In X-men: First Class they depict Villa Gessel, Argentina as a mountain town, when Villa Gessel is a coastal town, the nearest mountain being more than 600 kilometers away…

Monk had a particularly egregious example of this sort of thing. Monk and Natalie wanted to figure out if it was in any way possible for their suspect to ride a motorcycle from her home in Richmond (where she had an alibi) to the crime scene in Novato by the time the murder took place. Cut to a montage of the two of them riding through Downtown San Fransisco, riding past cable cars and other famous landmarks. If you were trying to get from Richmond to Novato as fast as possible you would never go anywhere near San Francisco. You’d take 580 across the Richmond Bridge, and then head north on 101.

Exactly! The accent was exaggerated in the original Fargo, but I know people that talk like that. And they afe in Wisconsin. (it’s insidious!)

There’s no right way to take a left toin at Albicoickey that will get you from Hollywood (or Brooklyn, either) to the Coachella Valley and the carrot-eating festival, therein.

And while this isn’t the exact thing, I still remember a scene in a movie where the characters got on an elevator in a NYC high rise and got off in the second class pool of the Queen Mary, in Long Beach.

But that’s not an inaccurate depiction of a city or region; it’s just using two places as film sets.

There abundance of trees and mountains in Gunsmoke amused people from western Kansas.

Of course there is a TV Tropes page devoted to the remarkable resemblance of various regions and cities around the world to places in California (though they don’t define it as a Trope).

Just off the top of my pointed little head:

Lethal Weapon - Lots of weird geography but the one that really stood out was a foot chase that started in the San Fernando Valley, turned a corner and was suddenly in downtown Hollywood.

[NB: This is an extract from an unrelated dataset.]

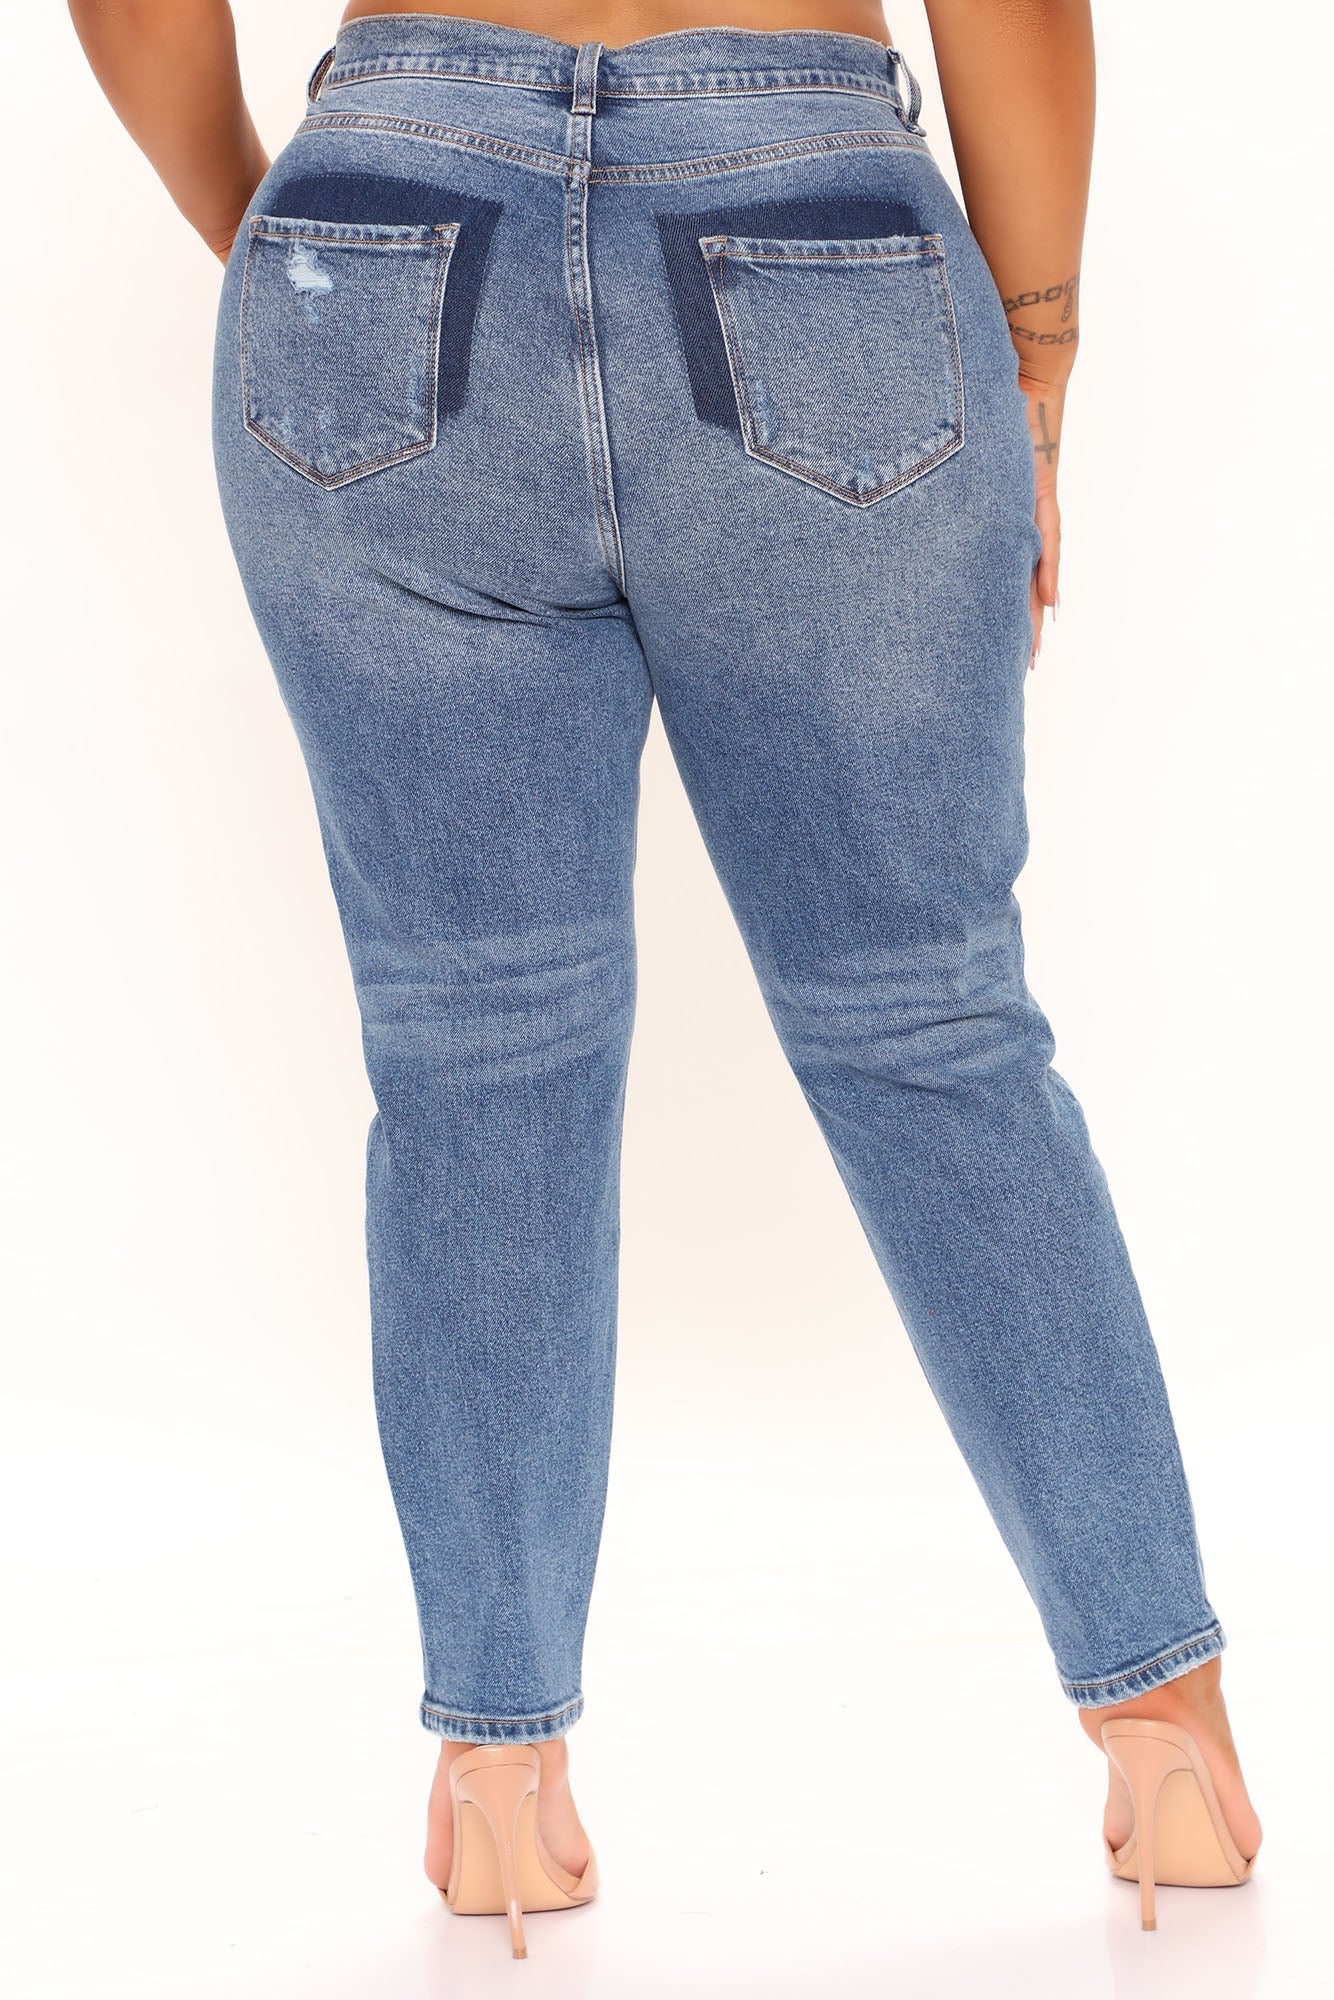 I Got It From My Stepmom High Rise Jeans - Medium Blue Wash – VP Clothes

Last Vegas - The guys decided to leave their cab on the way to Aria from Binion’s. Cue sequence of shots of them walking and talking past iconic hotels - totally out of sequence, on the wrong side of the street or substantially past Aria when coming from Downtown. To be fair, this is a problem with just about every show set in Vegas. They want to show the resorts, but they don’t bother with reality.

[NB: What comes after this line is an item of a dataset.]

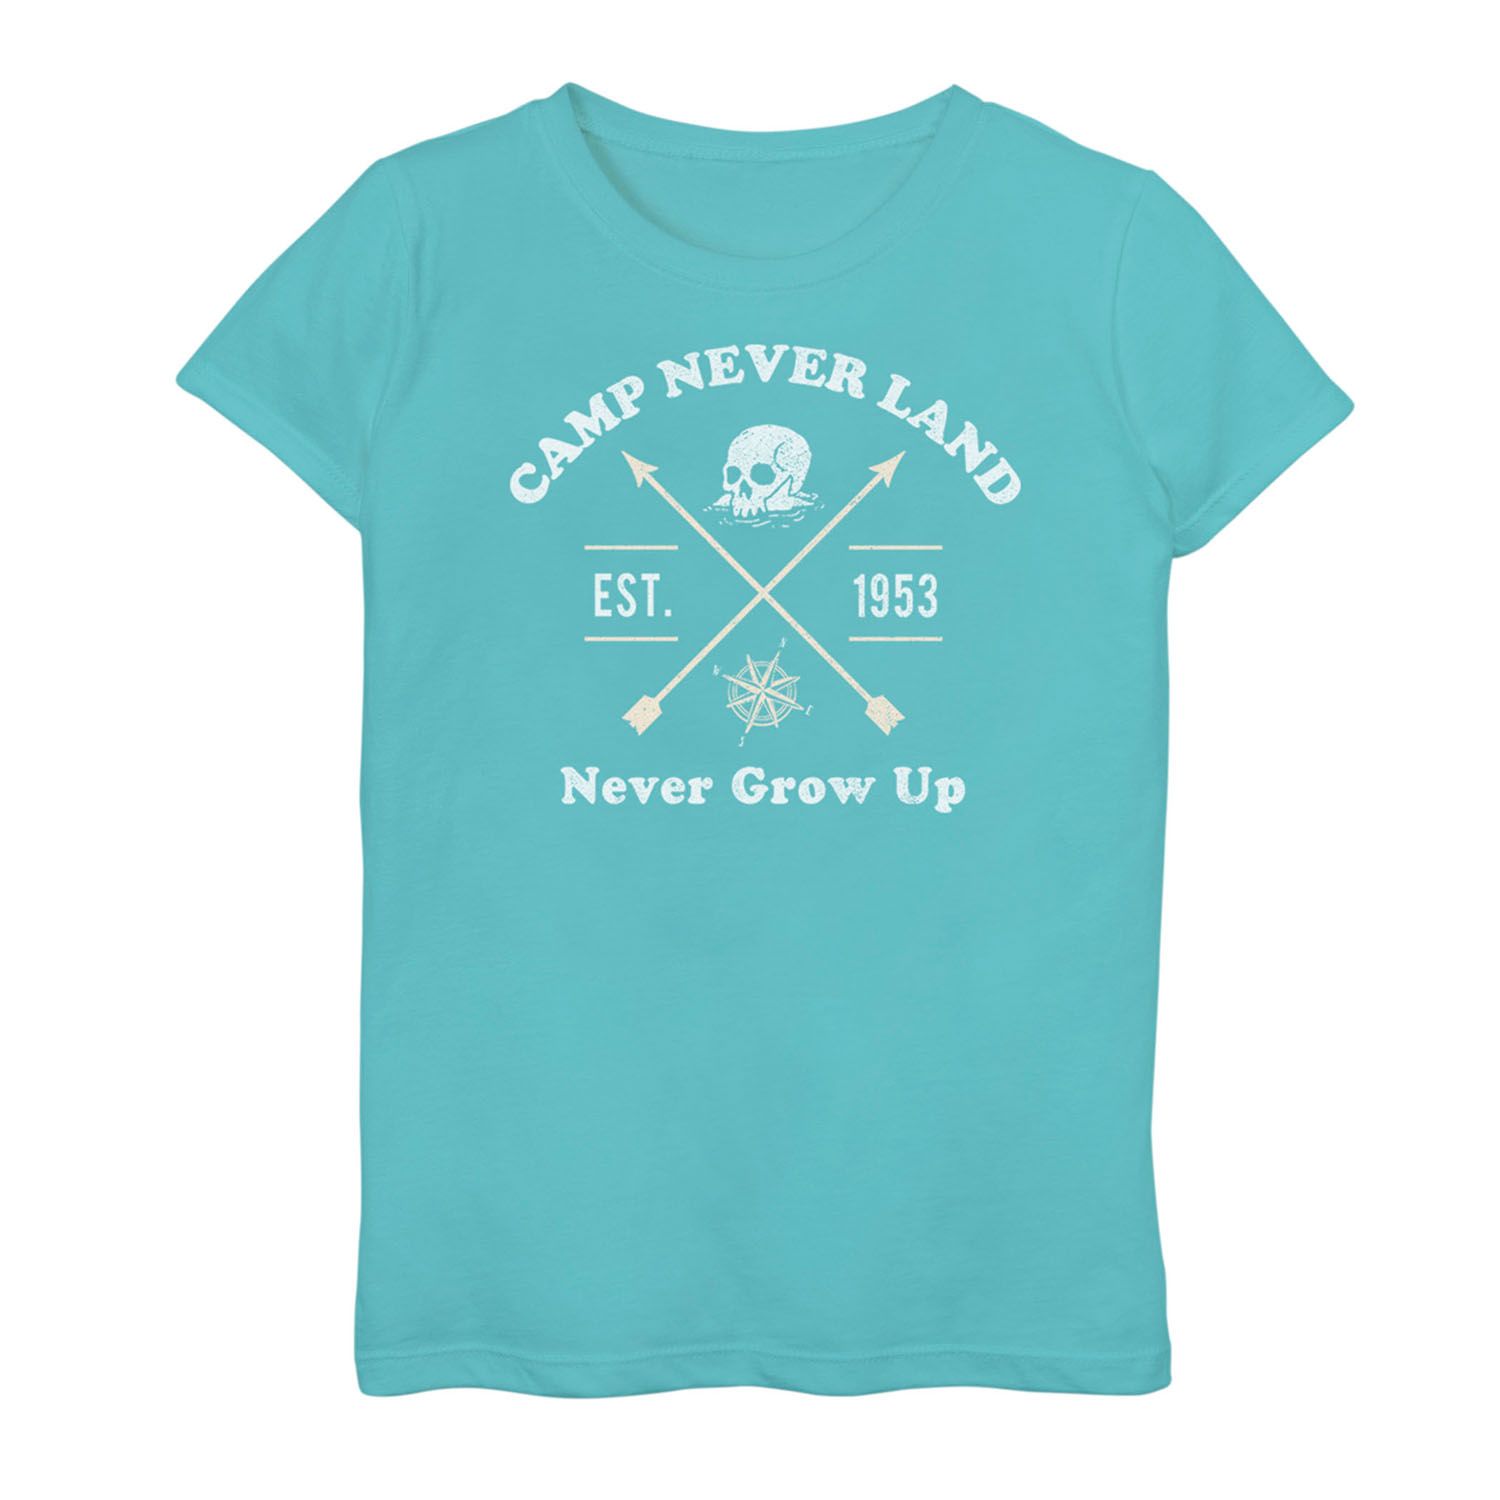 Image for Disney 's Peter Pan Girls 7-16 "Camp Never Land" Graphic Tee at Kohl's.

I thought having Frasier and Niles hang out that fancy coffee place was something of an attempt to depict Seattle culture, at least when the show first started. I think we tend to forget that, since the fancy coffee trend spread to the rest of the country a few years later, but I think in the early 1990s it was still considered a “Seattle thing”. But I guess you would know better than I would.

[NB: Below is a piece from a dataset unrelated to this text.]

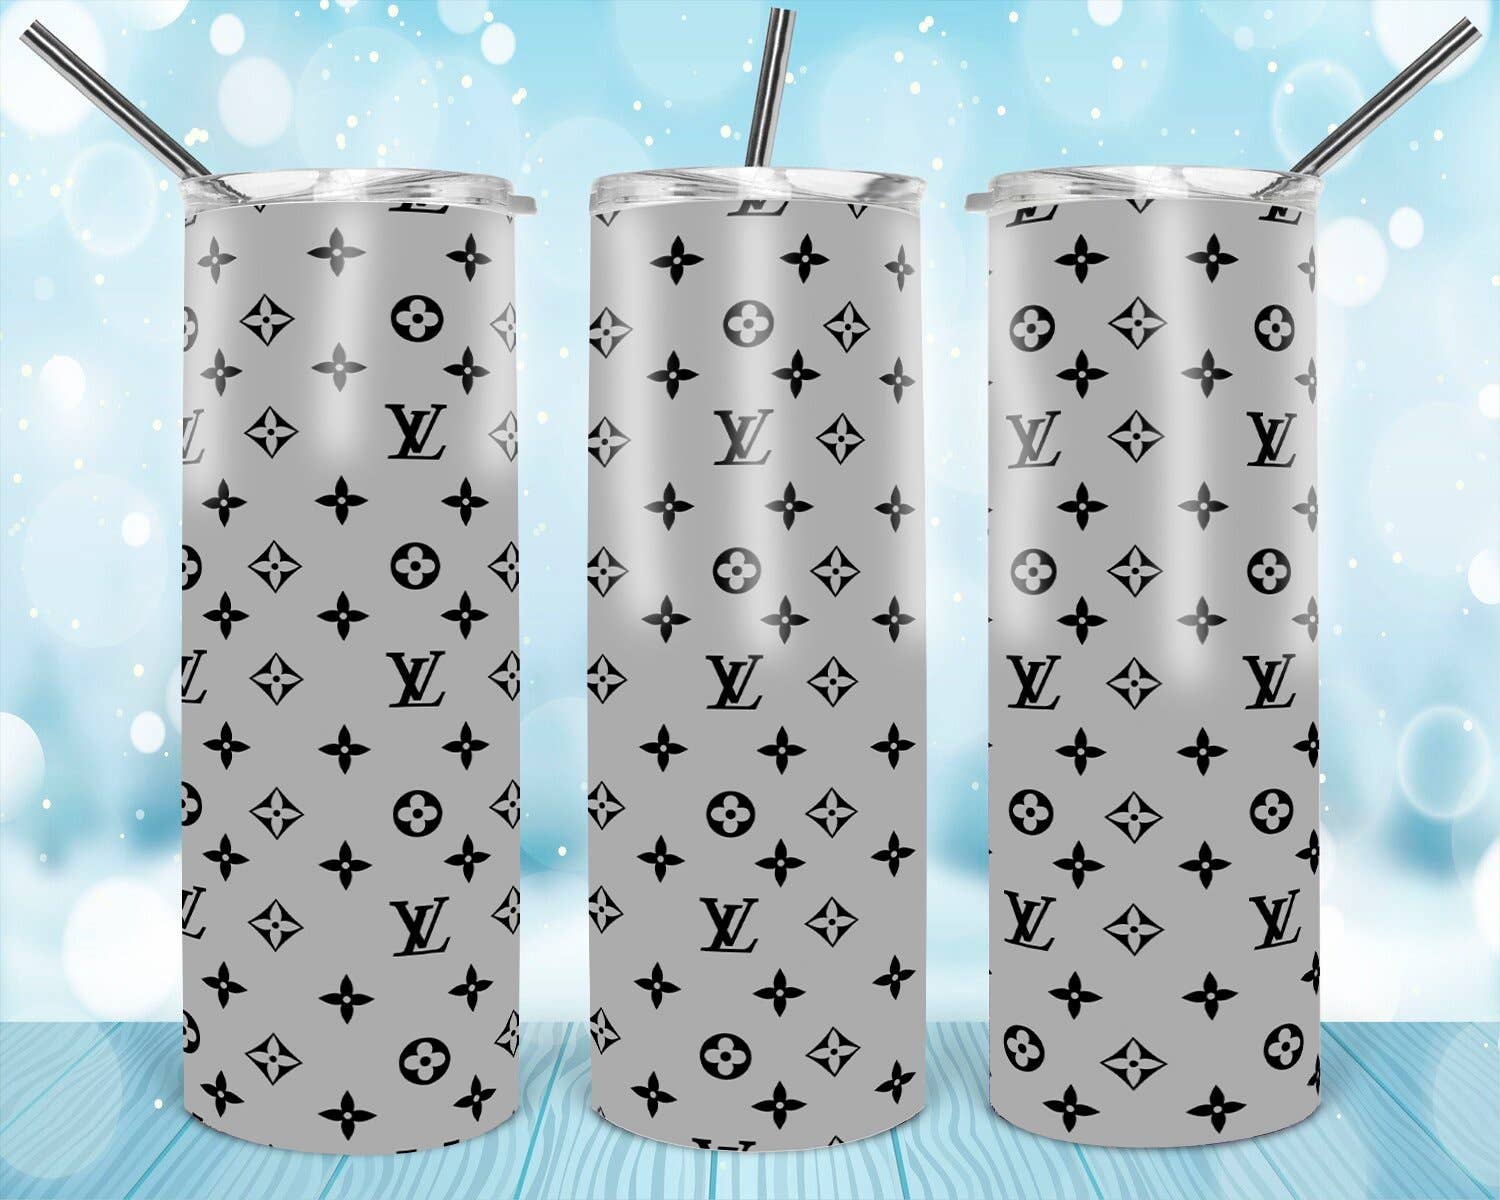 lv tumblers with lids and straws

But anyway, Psych is probably a good entry for this thread. Sure, maybe Vancouver makes a good stand-in for most American cities, but not for Santa Barbara. It’s not “my” city, but I’ve visited often to know what it’s like, and they have a distinctive Spanish style architecture that you see all over the city, that is never seen in Psych. And I can tell you there are no towering evergreen trees anywhere there like you see in the show.

Reminds me of the Austin Powers line “It’s remarkable how England looks in no way like Southern California”.

McConnell AFB is in Wichita, not Topeka. That’s about two and a half hours away. There’s Forbes Field in Topeka, home of the 190th Air Refueling Wing, but AFAIK they did not have any ICBMs.